The world is full of cranky, irate, cantankerous people who can bring your spirits way down. Whether that person succeeds in bringing you down relies completely on how you react. Of course, reacting well is easier said that done. Here are some things to keep in mind next time someone is throwing anger your way, so you don’t get taken down.
First remember that PEOPLE DON’T GET ANGRY AT PEOPLE. Even when someone calls names, or when someone says the words “I hate you,” even when the recipient of the anger is actually at fault, the anger isn’t at the person, IT’S AT THE SITUATION. We can get mad at a person’s actions, or the circumstances they created, but not really at the person. Remember this when you are taking a verbal charge so that you don’t take it personally.
Also remember that anger doesn’t have to be rational. We don’t think straight when we’re angry. In fact, your judgement HAS to be clouded to a degree in order to feel anger. DO NOT try to rationalize a person out of anger, that will only make them angrier. The only way to receive anger is in a neutral way. If you act subservient or act angry back you will only incite more anger.

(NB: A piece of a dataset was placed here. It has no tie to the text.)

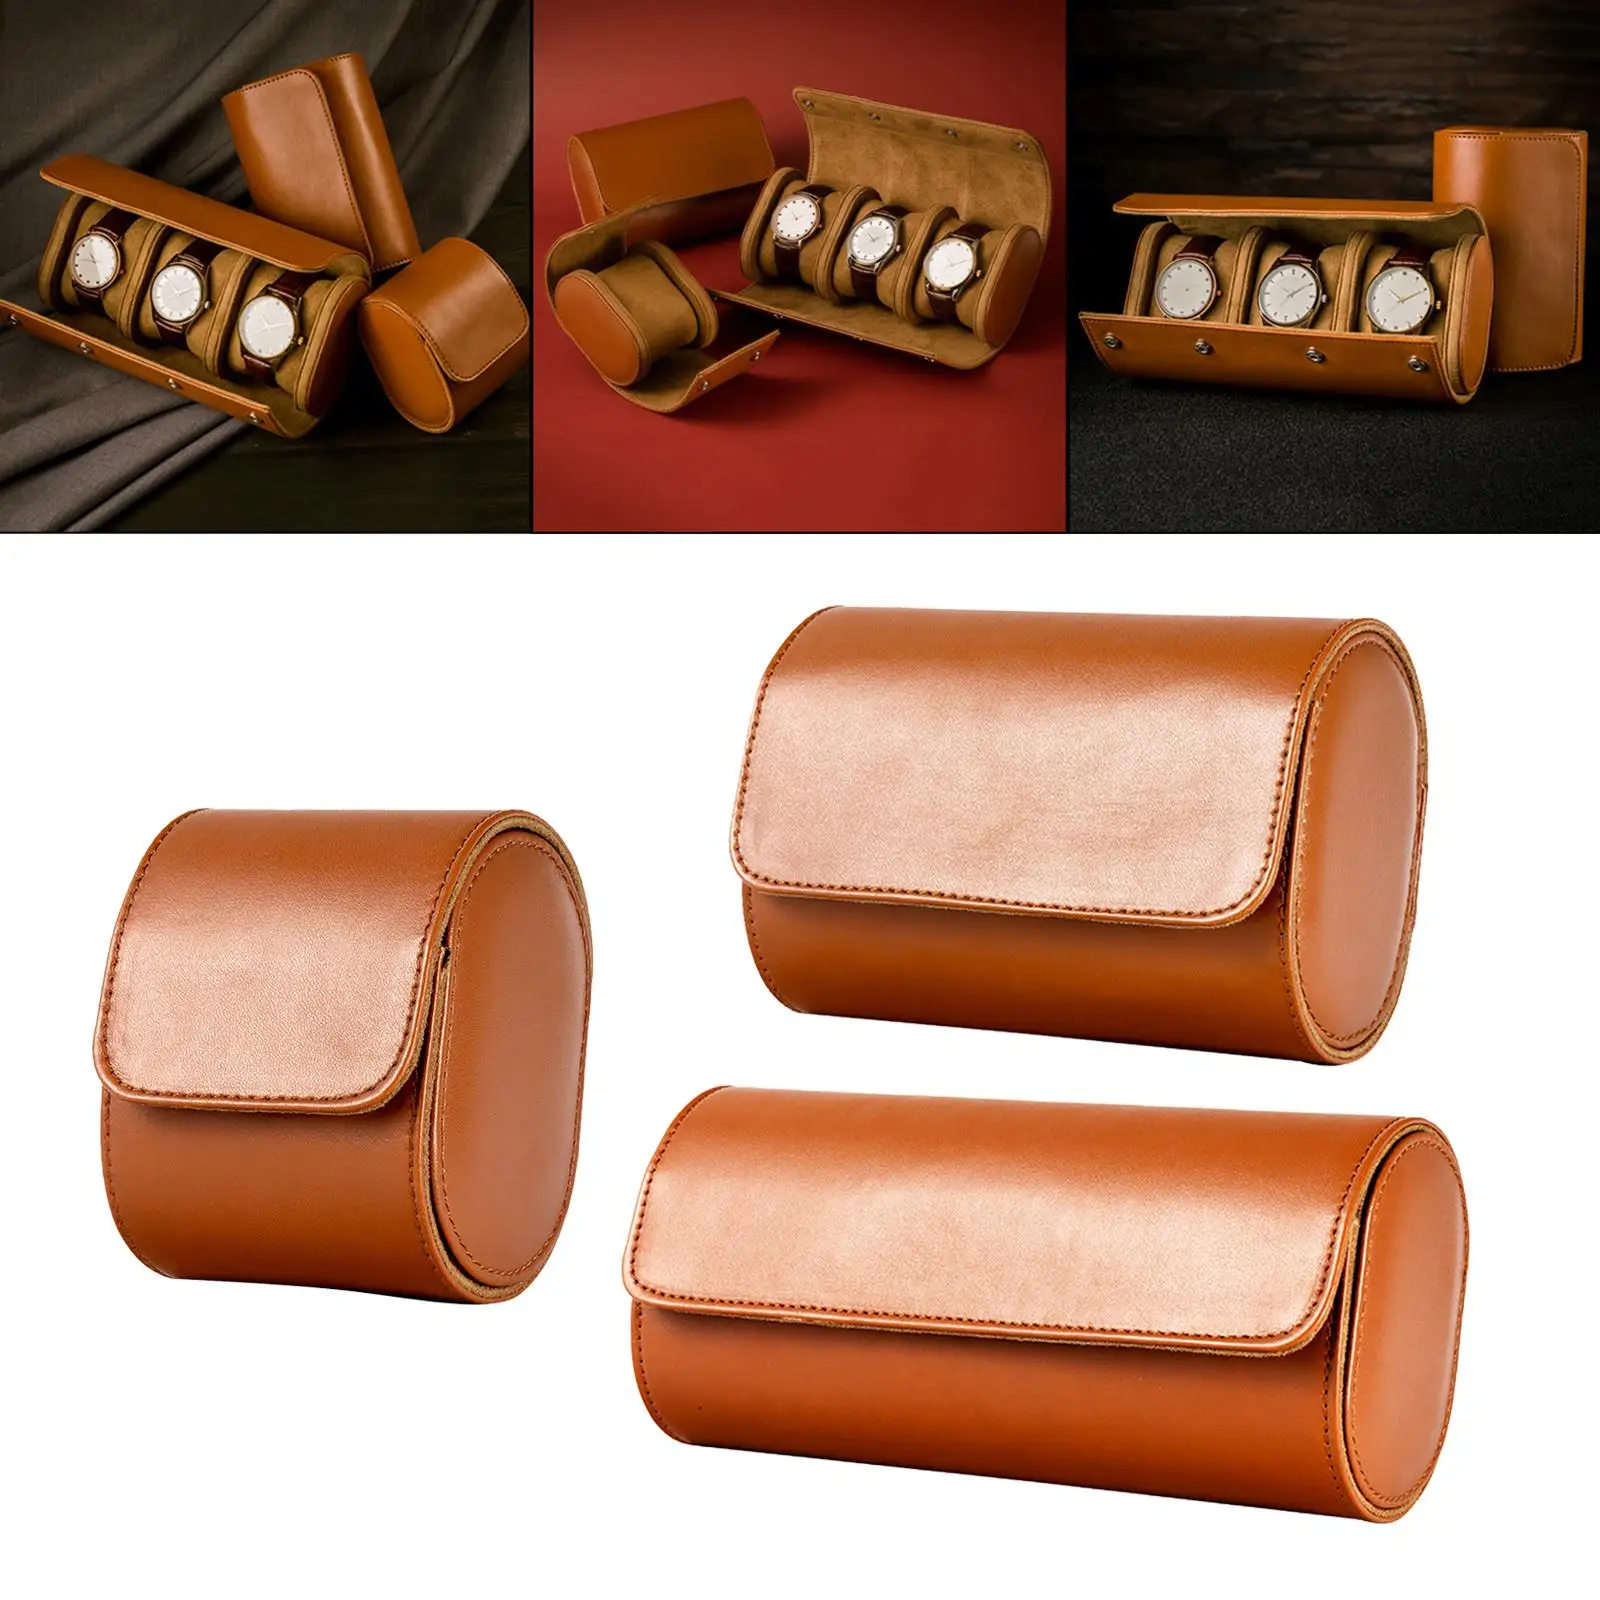 PU Leather Watch Box Organizer with Removable - Jewelry Display & Storage Container Holder

Once you receive it neutrally, acknowledge it as justified. Anger may not ever be rational, but it’s ALWAYS justified. All emotions are justified and irrational. A person doesn’t need a reason to feel something, emotions just happen. Usually when we emote angrily, all we really want is acknowledgement. Something like “I get why you’re angry…” or “It’s totally reasonable for you to be upset…” is a great way to start the dialogue. If this is hard for you to accept, think about all the time you get angry. Did you really have it together.

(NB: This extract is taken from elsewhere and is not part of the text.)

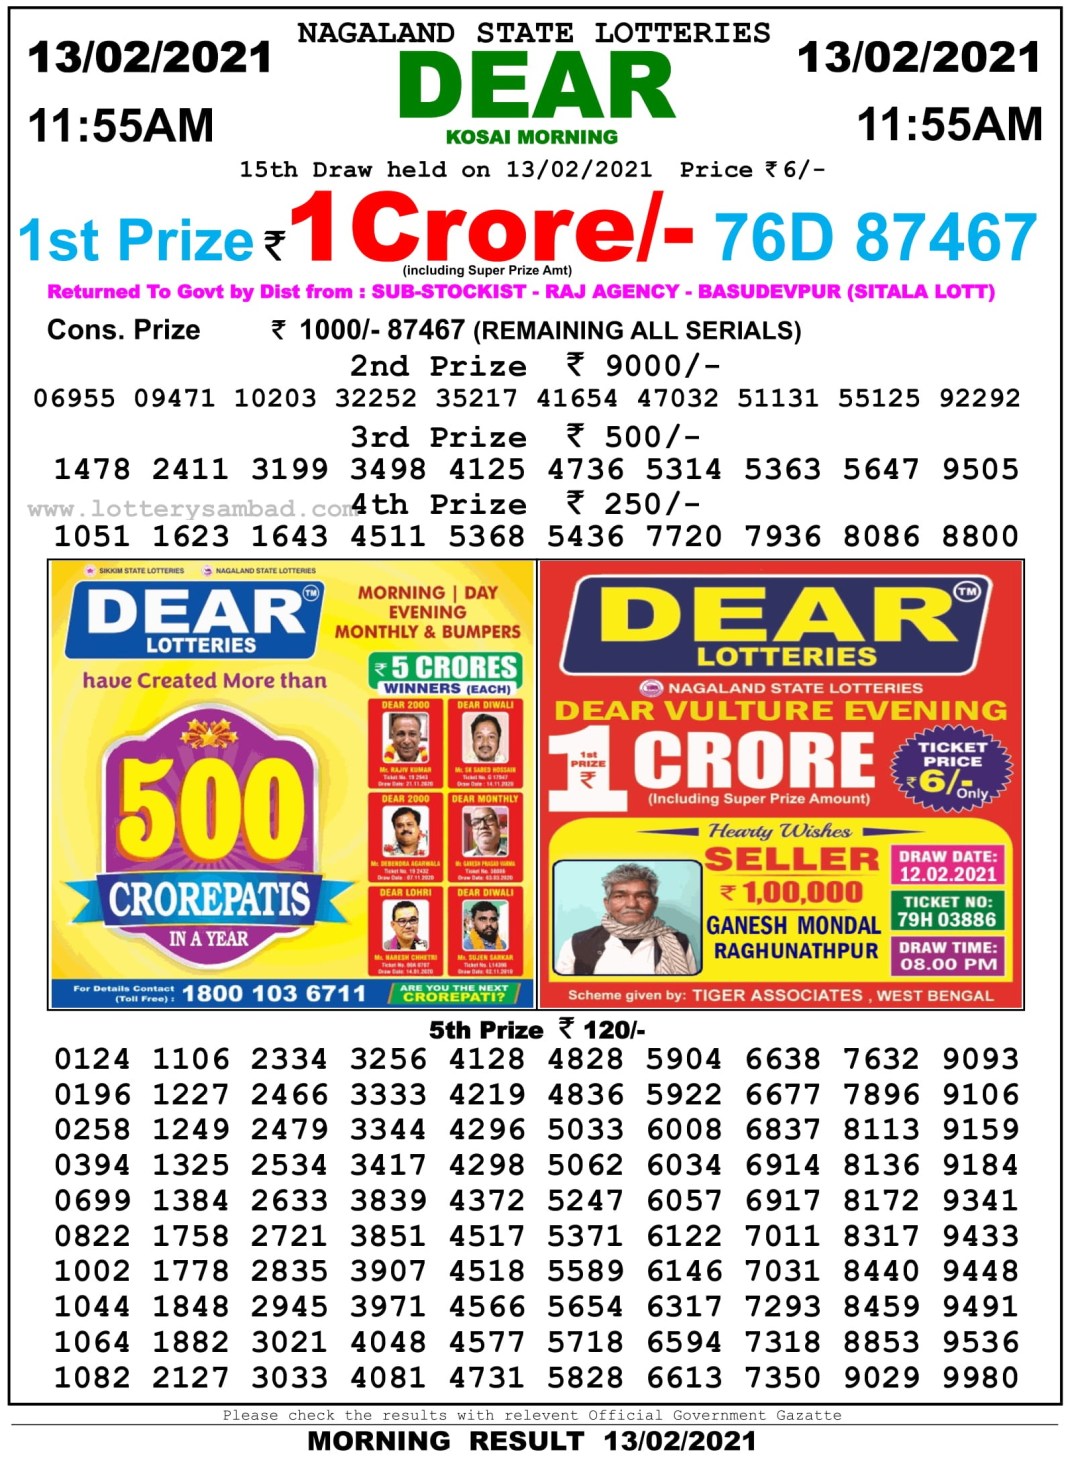 DEAR DAILY 1155AM LOTTERY RESULT 13.2.2021

Usually acknowledgement is enough to let someone “run out their charge.” If it’s not, then you can share your honest opinion of it. Just remember to state it neutrally, and don’t try to fix it. Problem solving doesn’t work till both people are relaxed.Remember you are the only person who can control your emotions. If you keep calm, you give permission to everyone around you to handle themselves too.